Instructions for the task → All that is wanted is the exact text of the lines below from the one with "Graphic of 5" through the one with "3d Abstract Fair", inclusive, minus any pictures.

Data for this task →

· · · · · · ·

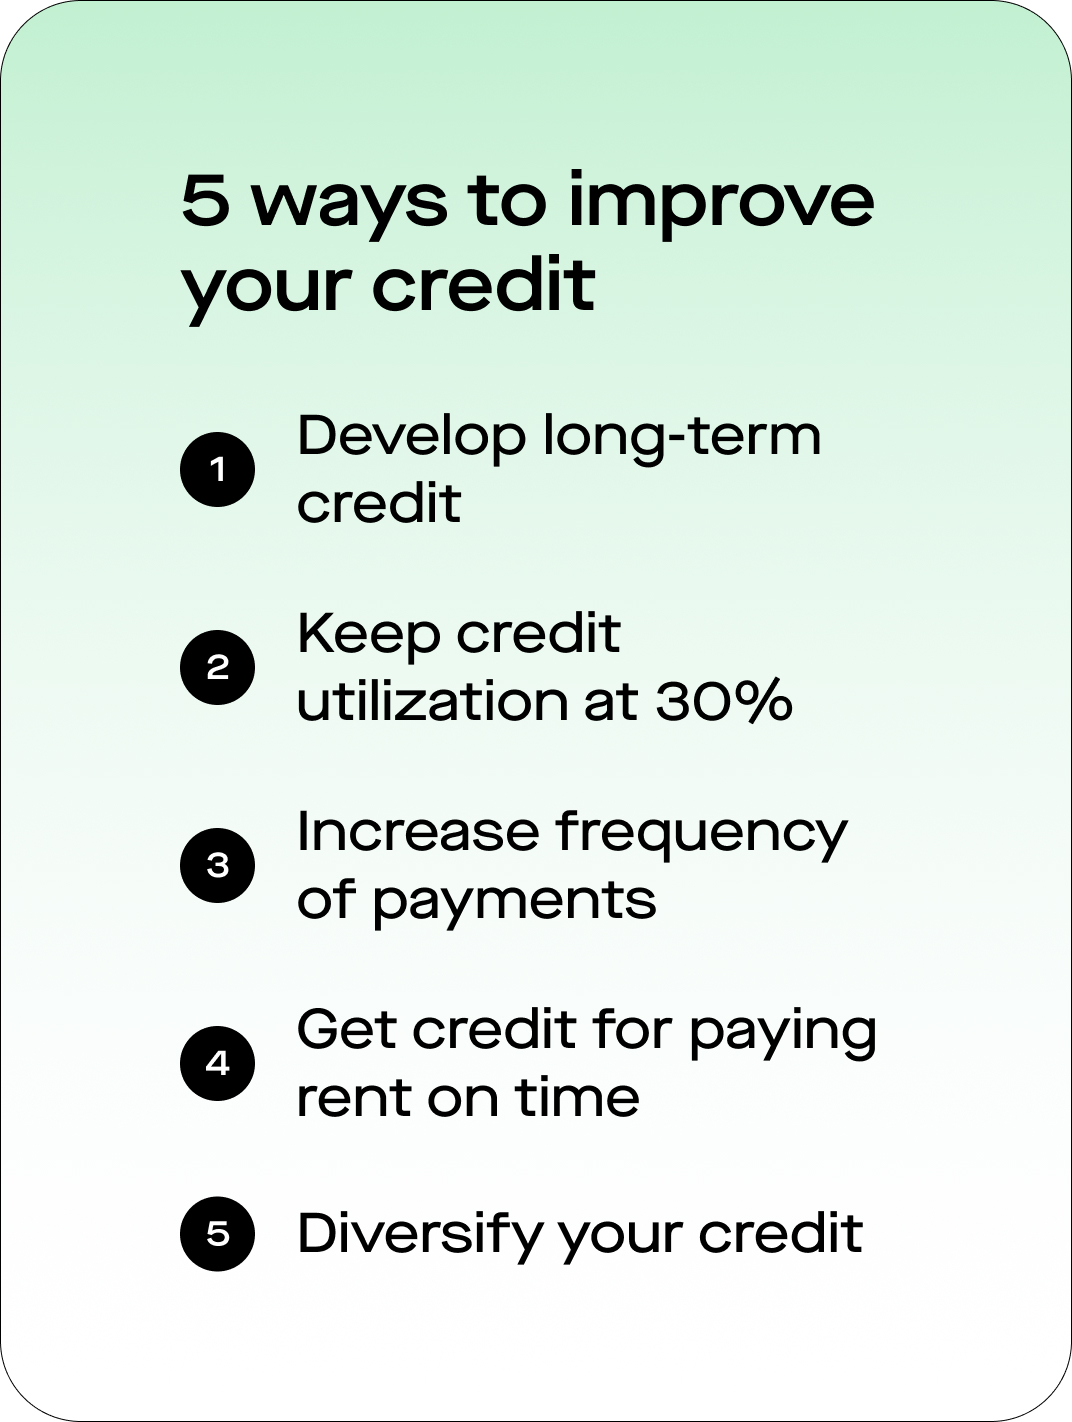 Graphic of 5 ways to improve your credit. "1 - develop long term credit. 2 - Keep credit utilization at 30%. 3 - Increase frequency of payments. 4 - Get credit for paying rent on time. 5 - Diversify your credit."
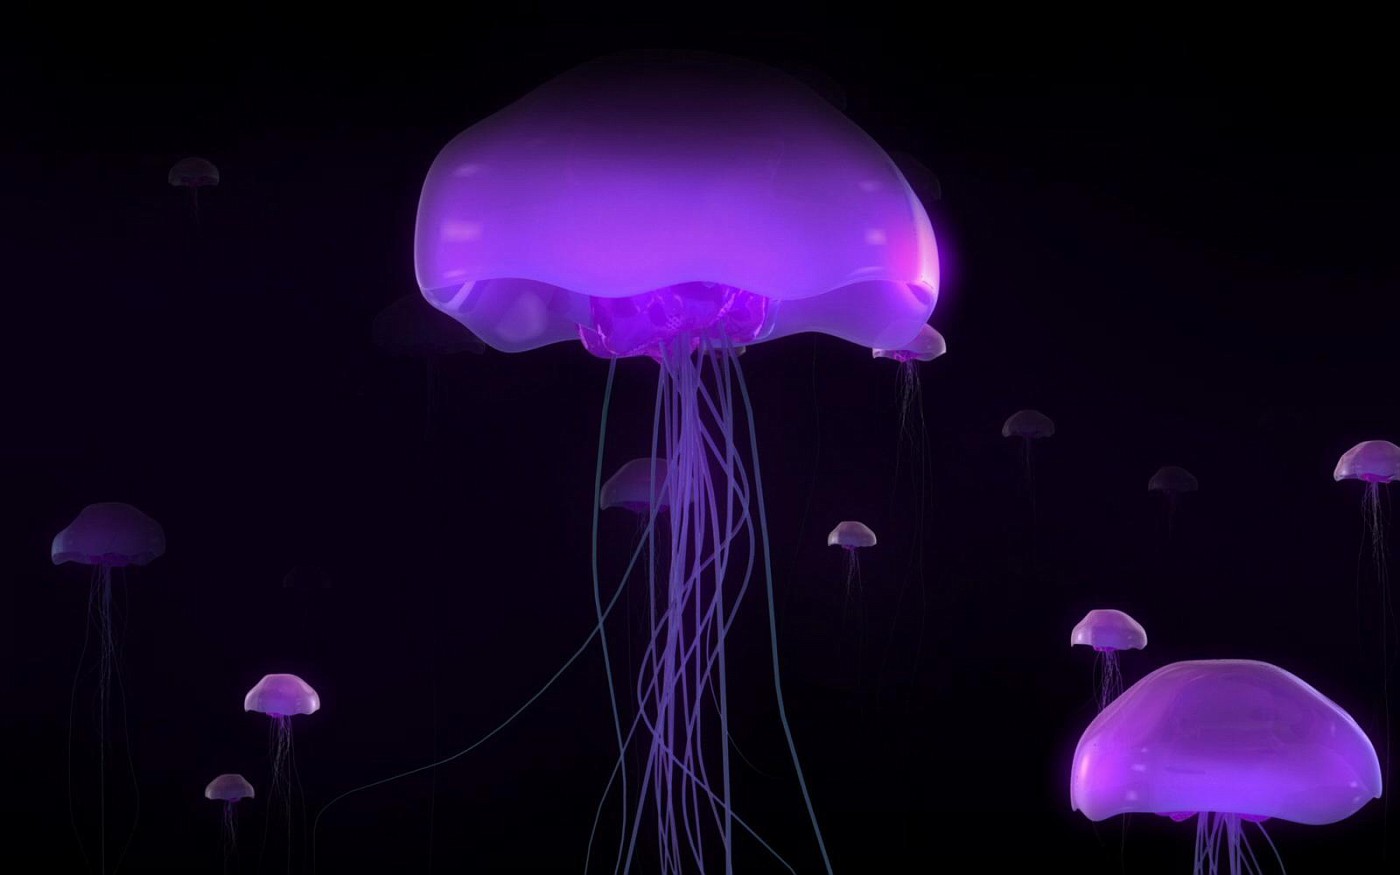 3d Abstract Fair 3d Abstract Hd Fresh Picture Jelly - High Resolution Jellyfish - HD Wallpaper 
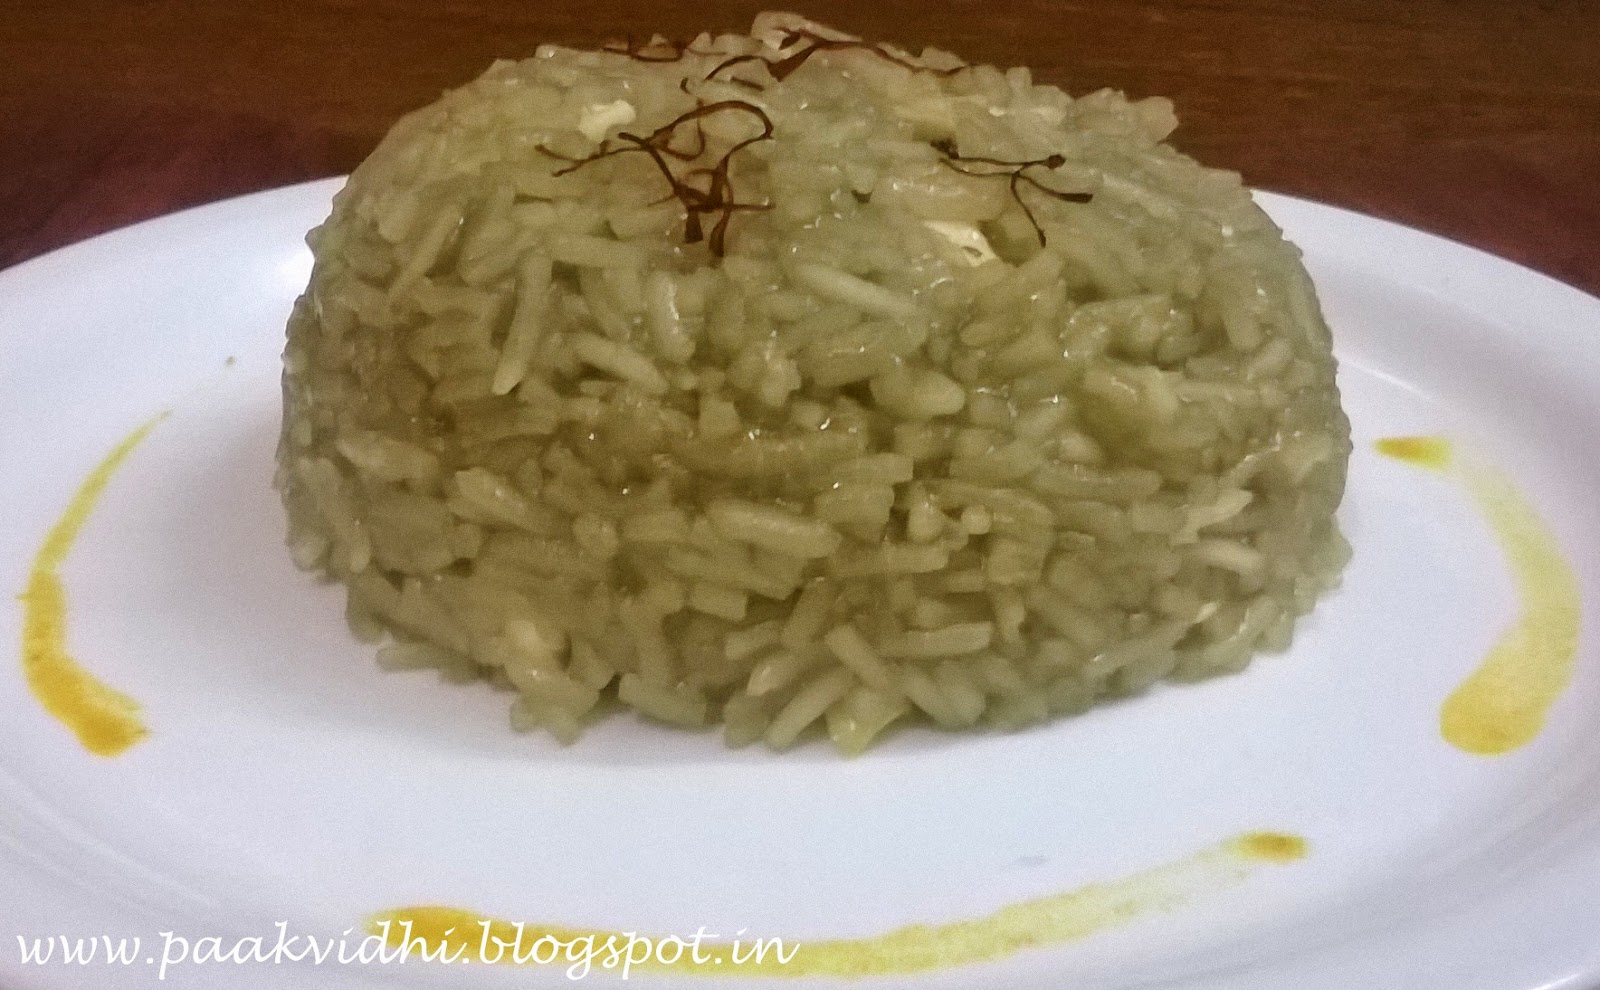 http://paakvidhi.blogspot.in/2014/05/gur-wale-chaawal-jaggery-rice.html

· · · · · · ·

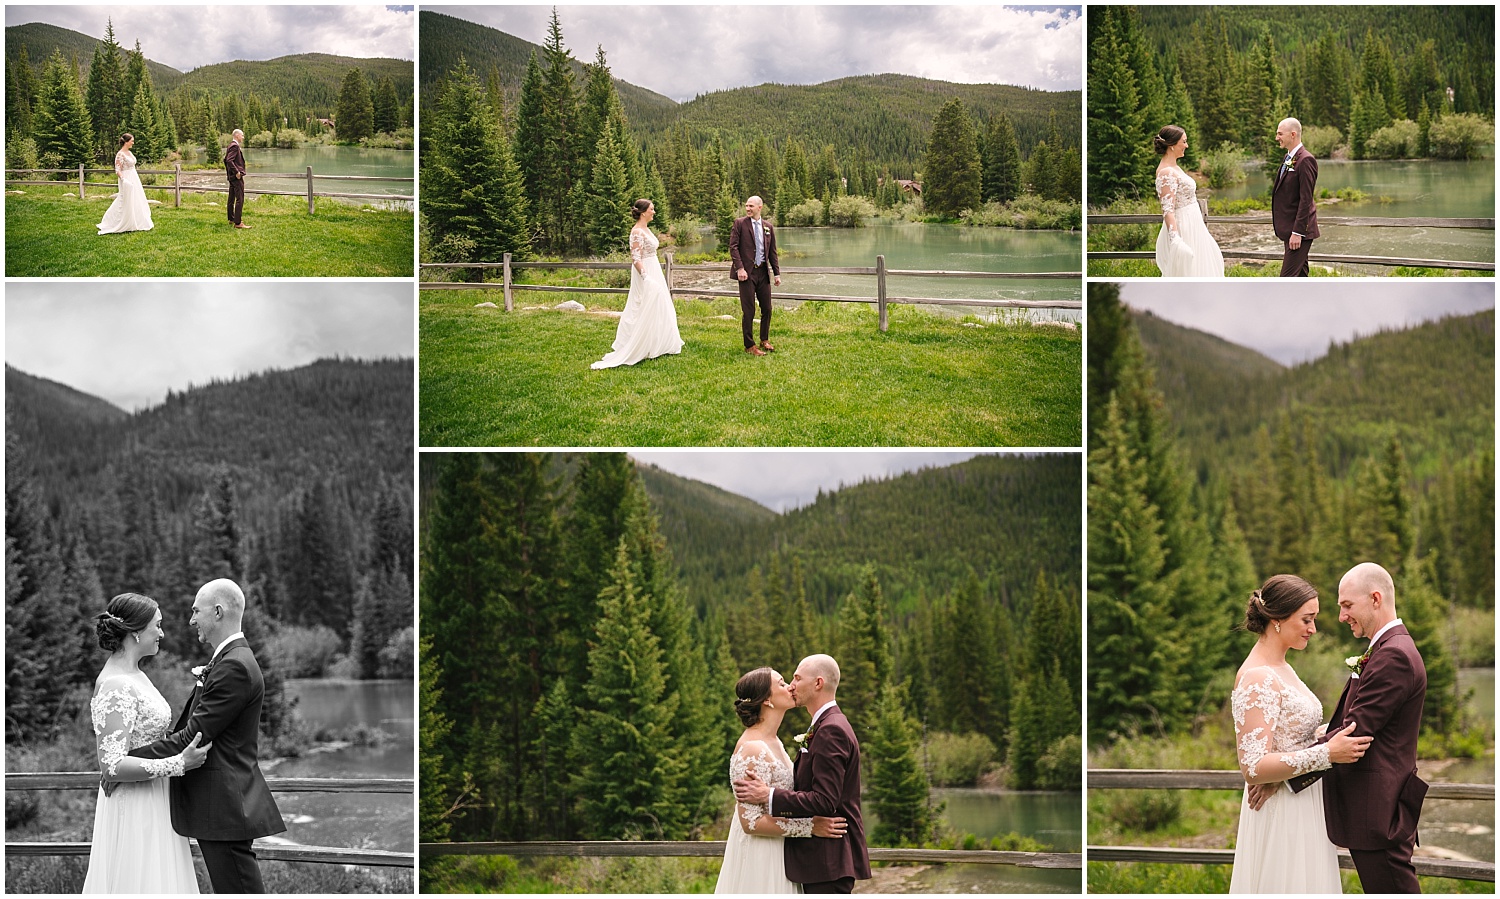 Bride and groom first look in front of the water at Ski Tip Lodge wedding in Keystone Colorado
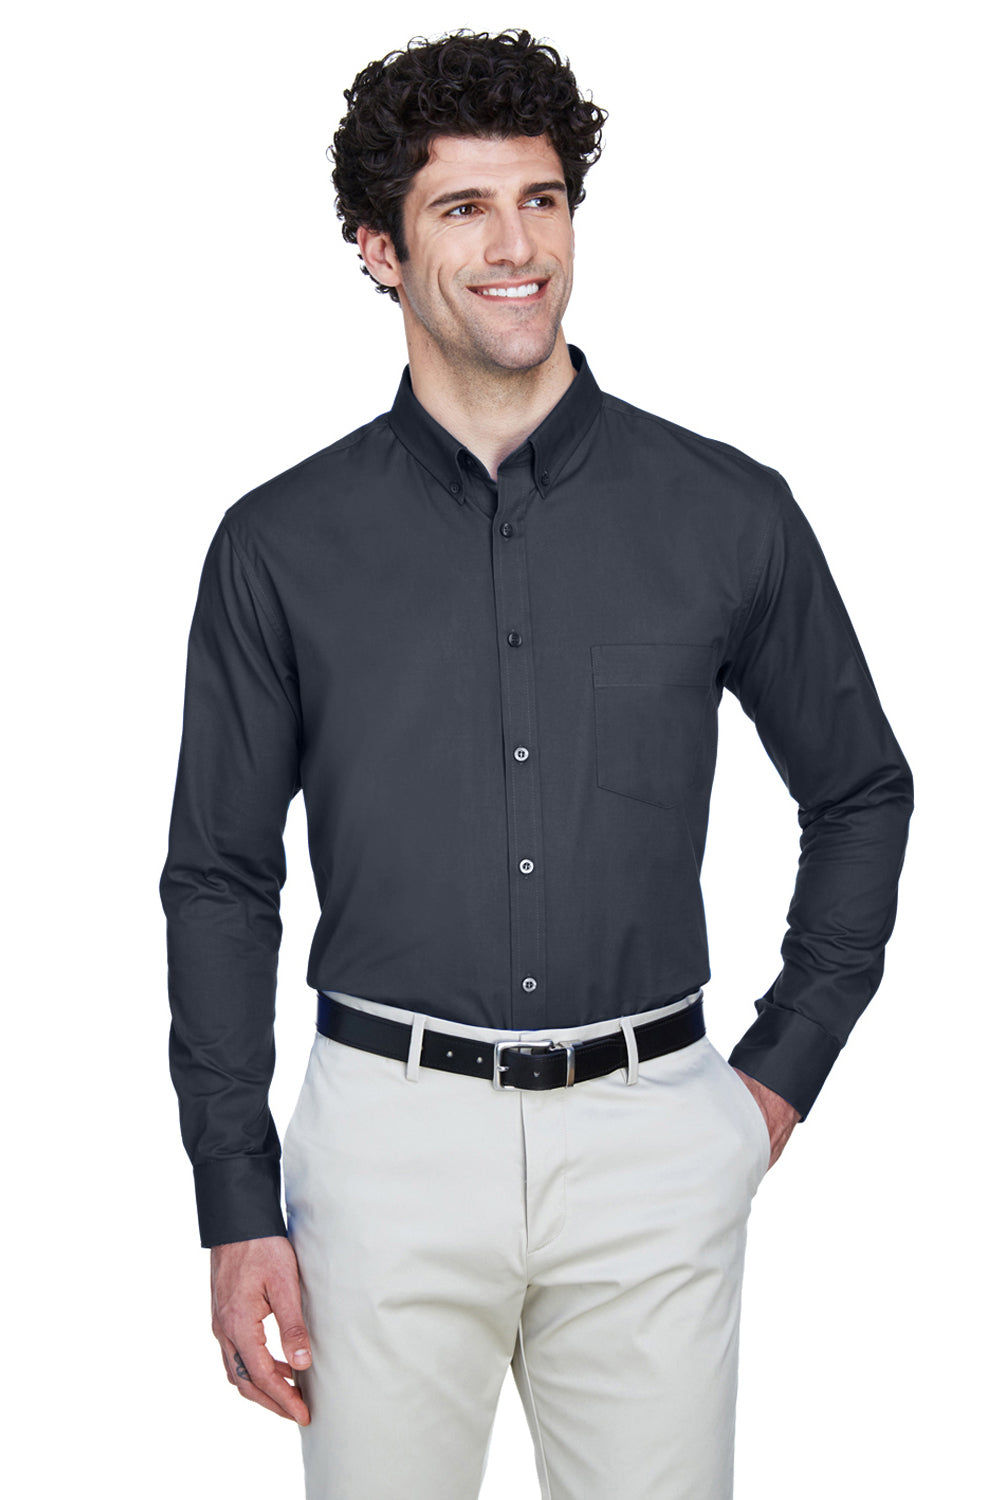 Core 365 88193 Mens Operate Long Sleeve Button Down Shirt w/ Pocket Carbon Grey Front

· · · · · · ·

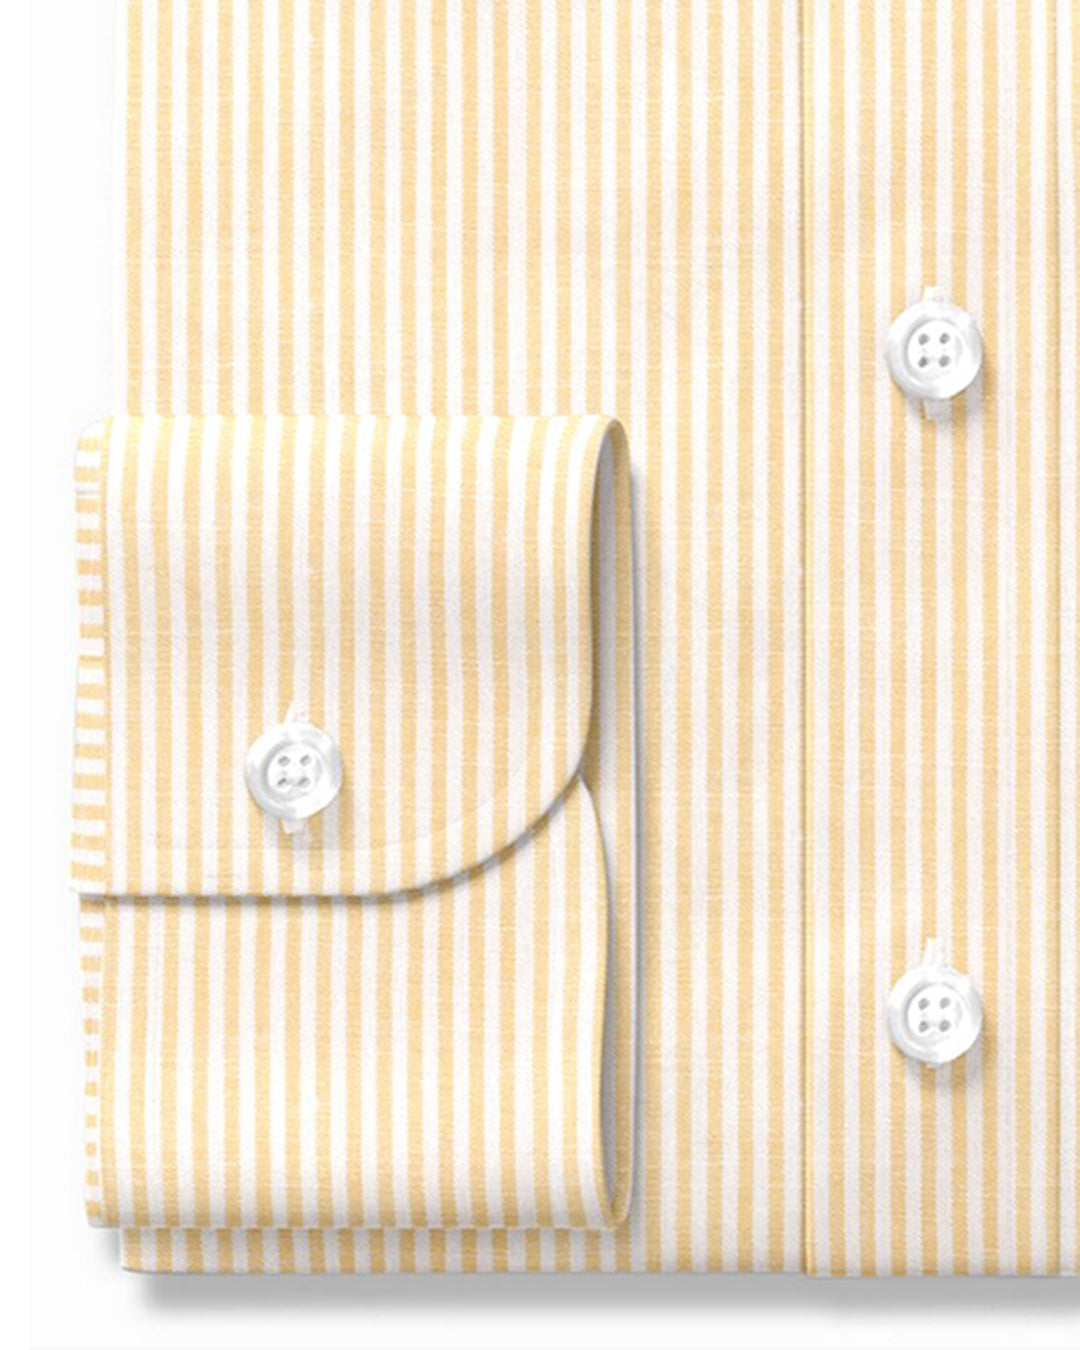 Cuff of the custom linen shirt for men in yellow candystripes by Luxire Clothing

· · · · · · ·

Answer to this exercise →
 Graphic of 5 ways to improve your credit. "1 - develop long term credit. 2 - Keep credit utilization at 30%. 3 - Increase frequency of payments. 4 - Get credit for paying rent on time. 5 - Diversify your credit."
 3d Abstract Fair 3d Abstract Hd Fresh Picture Jelly - High Resolution Jellyfish - HD Wallpaper 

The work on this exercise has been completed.